Petrol and diesel may reduce by 5%, COPEC
Transport operators must hold on with fare increments, COPEC
Chief Executive of the Chamber of Petroleum Consumers, Duncan Amoah, has noted that petroleum products may see a reduction in the second pricing window which begins today July 16, 2022.
Data from the Bulk Oil distributors, according to Joy Business, said petrol and diesel will witness some decline, with diesel expected to go down by more than 11%.
Petrol may witness a 4% decline, whilst LPG will fall by almost 10% per kilogramme.
However, Duncan Amoah stated that petrol and diesel will witness a decline of some 5%.
“We pick every indication that pump prices will decline or go down by some 5% between the two products – petrol and diesel.”
“Diesel has gone down steeply; petrol has done about 3.8% reduction.
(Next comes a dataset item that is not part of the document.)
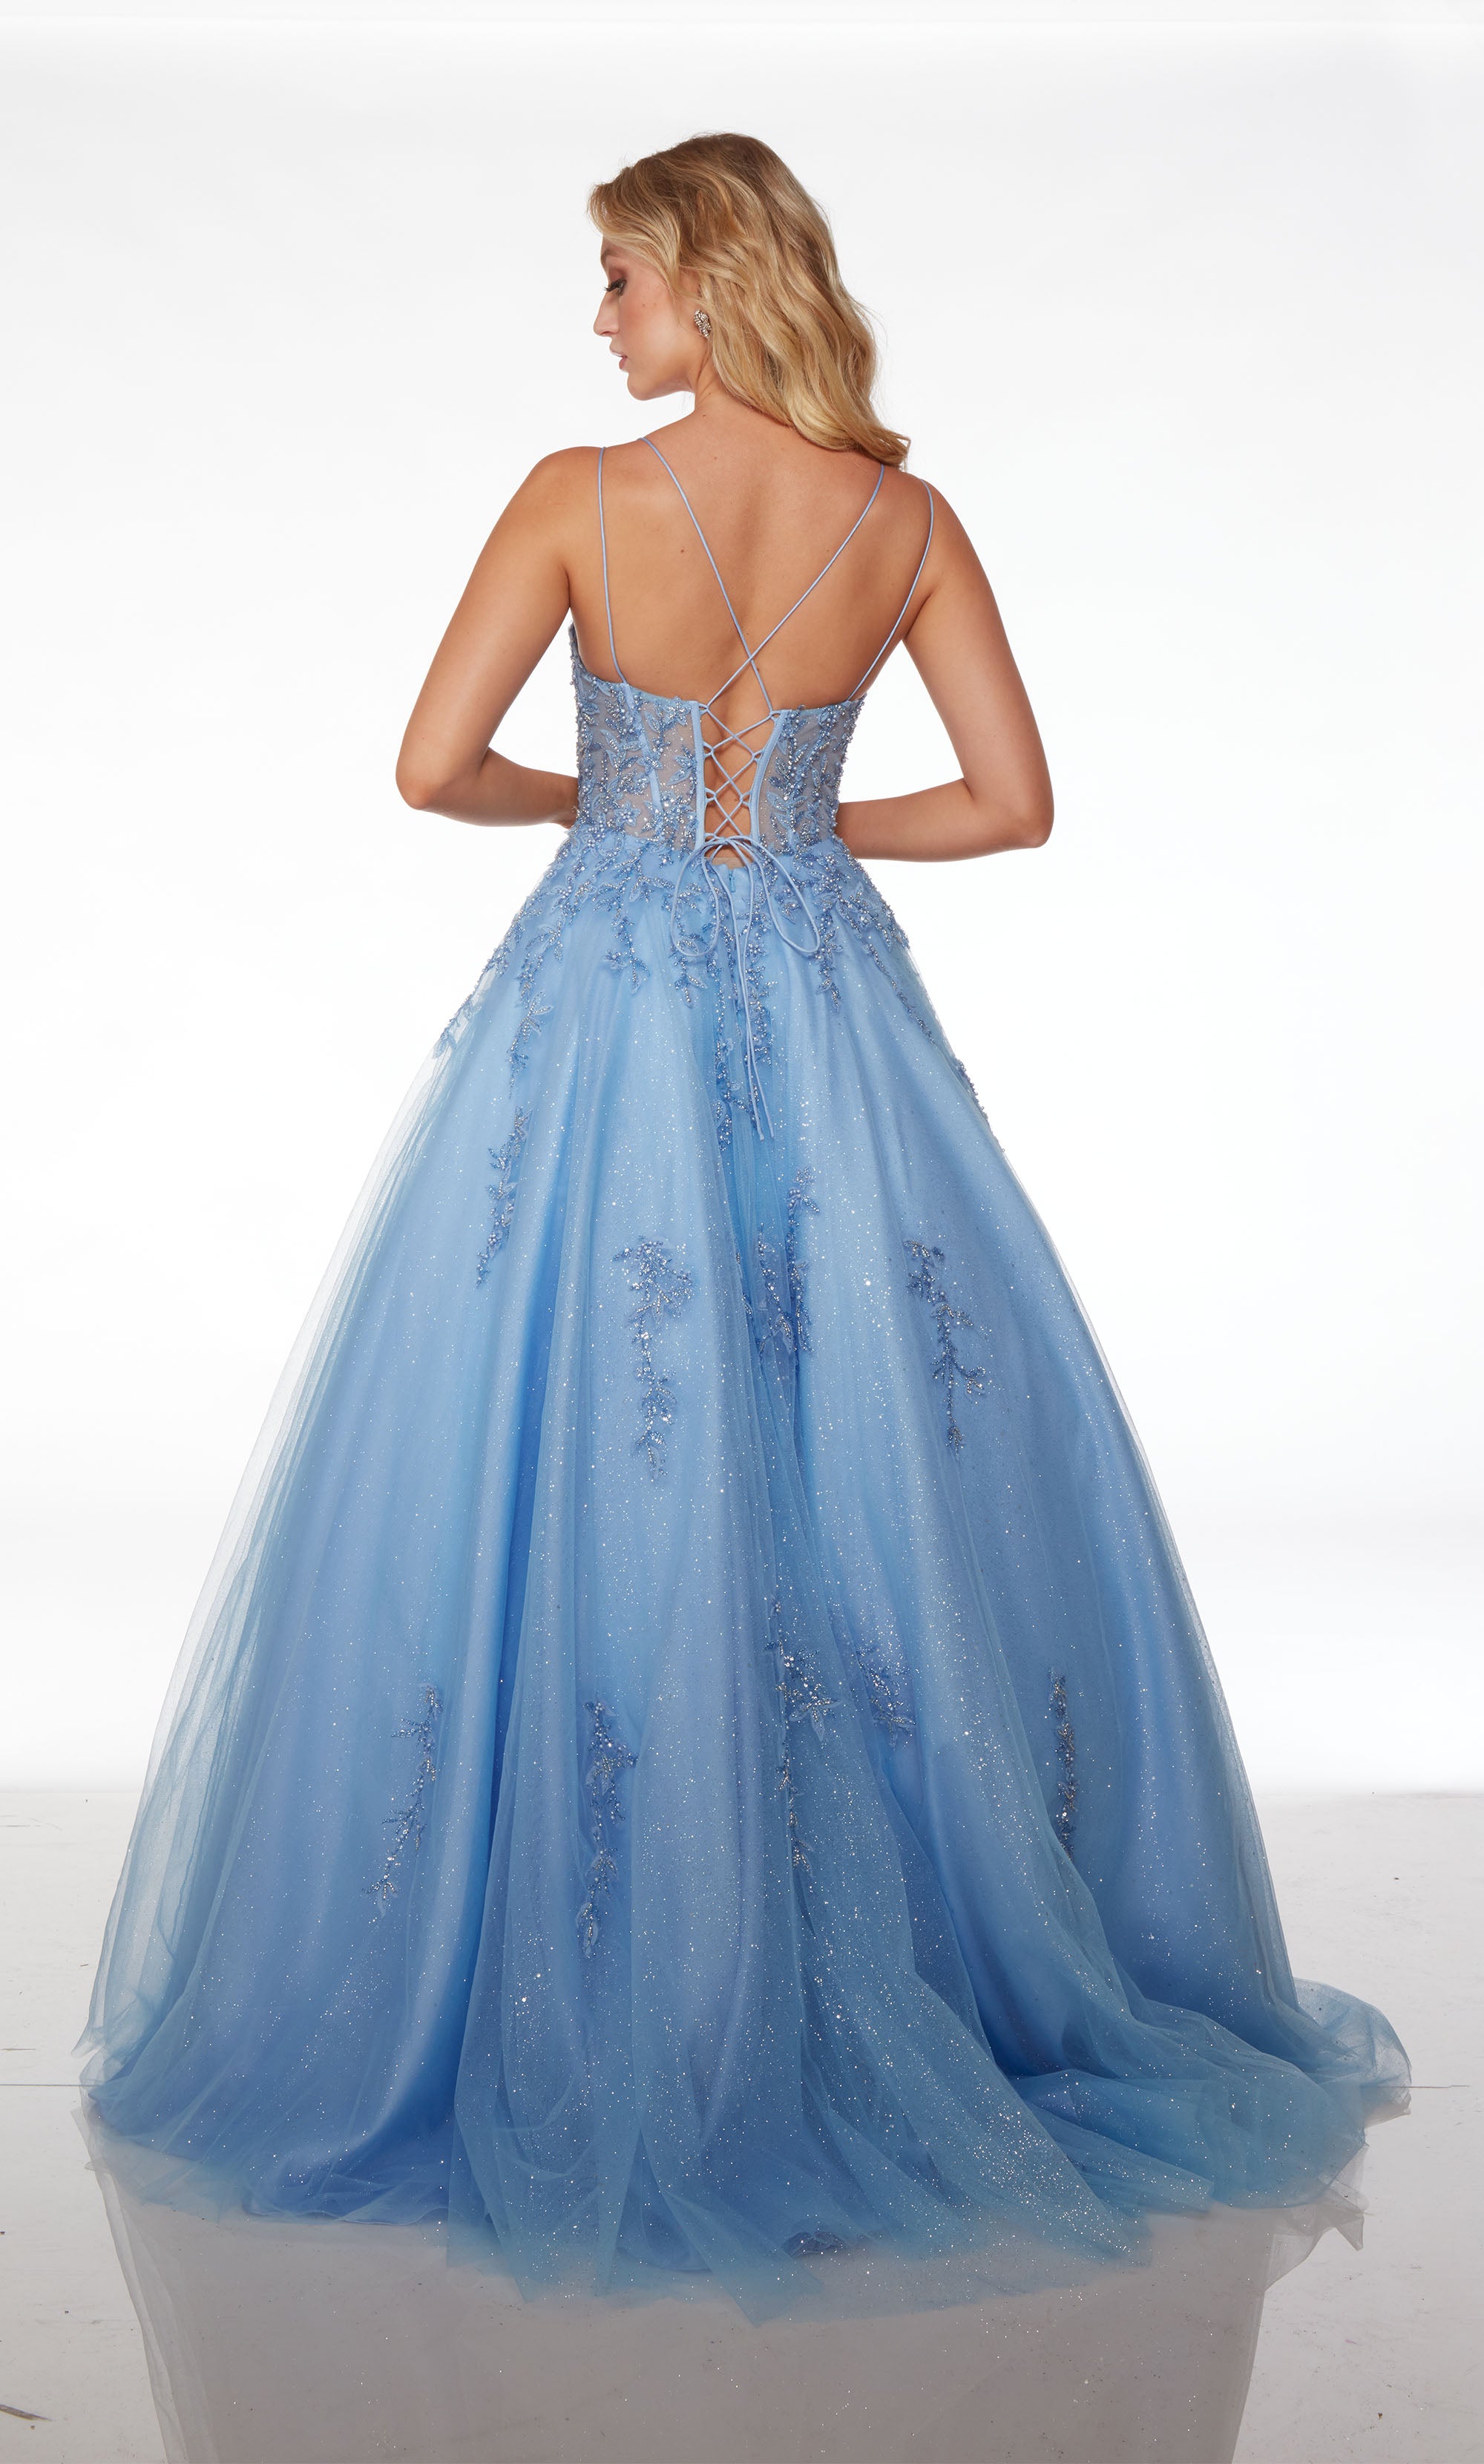 Alice Sky Blue Wedding Dress, Short Kawaii Corset Dress in Tulle

Diesel has done almost 11% reduction”, he added.
He said, “the reintroduction of the rebate that government through the Finance Ministry did (15 pesewas and so plus or minus), you are looking at doing about 5.3% cut, effective second window July 2022”.
This will mean that the products will be reduced by 50 to 70 pesewas per litre in nominal terms.
Duncan Amoah urged transport operators to hold on with the intended increase in transport fares.
“We will make attempt to talk to them to hold on a bit to see what the pumps throw at us. I’m sure their frustrations are also stemming from increases over the past few weeks.”
“We will personally make efforts to at least get to them to say how they could hold on to observe few days what pump prices become”, he concluded.